Mon, Mar. 16th, 2009, 10:05 pm
Progress Report - 03-16-09

 Tired as hell right now, and still have 500 words to write for Ephemera + 500 for Naia's Tower, but I thought I'd take a second to give a full update on my work.


EPHEMERA
Fully written through: chapter 5
Chapter 4 edits: 70% complete (down to 7,900 words, two red-marks to write in, 20+ yellow marks to revise, needs outside revisions)
Chapter 6 writing: ~4 transitions to fill (up to 10,101 words)
Chapters 7,8,9 writing: outlined 70% (7,009 words between all three chapters; may combine 7 and 8, and restructure planned chapters 10 and 11 to be 9).


NAIA'S TOWER
Fully written through: episode 1, part 1
Episode 1, Part 2 writing: ~3 transitions to fill (up to 2,806 words)
Episode 1, Part 3 writing: ~1 transition to fill (up to 2,741 words)
Episode 2 writing: 100% outlined (3,002 words).
Episode 3 outline: barely started.


And there you go! You know exactly where I'm at with everything right now. I'm trying to crank out the remaining words for the day (since I'm still trying to catch up on backlog, I don't want to fall even further behind... urk!), but given that I want to be in bed RIGHT NOW, I might have to throw in the towel for the day. Alas!

(Oh, and for anyone interested: Tatiana, the kitty that went into surgery, is recovering well. We found out that the tumor was benign - huzzah!)

Thu, Mar. 12th, 2009, 07:45 am
Catching Up

 Oof... what a hellish couple of days. As if it weren't bad enough that I managed to get my days and nights switched (and then fixed on Friday, and then switched on Monday... it shouldn't be so natural to be awake all night, but it is for me), one of our  cats, Tatiana, got a fast-growing tumor on her belly, which had to be removed. She's been put into my room so that the other cats won't mess things up while she's recouperating. The poor girl pulled her stitches last night, so she's going to have to go back to the vet's today.

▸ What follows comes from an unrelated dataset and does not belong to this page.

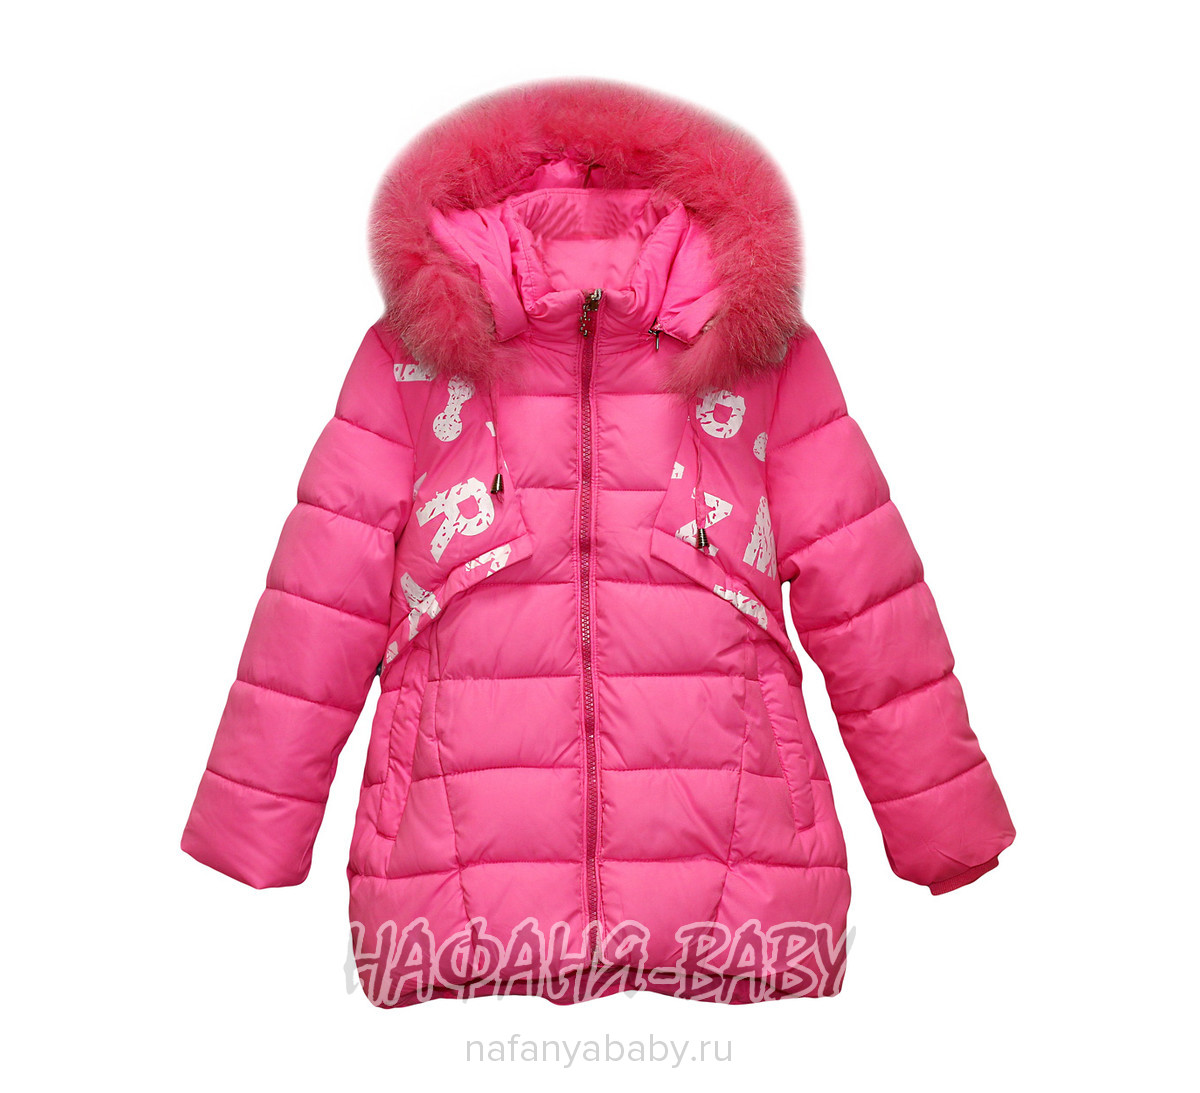 Детская зимняя куртка YIXIANG, купить в интернет магазине Нафаня. арт: 566.

Now, I love Tat. She's a marvelous, loving, affectionate and beautiful Maine Coon girl, and I enjoy her company dearly. However, it is impossible to type when she's around. She demands to be on my stomach while I'm reclining, or my lap if I'm sitting; which is, y'know, where I need my laptop to be so that I can write. So I'm left with only a few options; I can leave the room and try to find somewhere else to write, I can continually kick her off my lap (but very very carefully and slowly, because I don't want to aggravate her injury), or I can give up, put on Hulu, and let her be happy.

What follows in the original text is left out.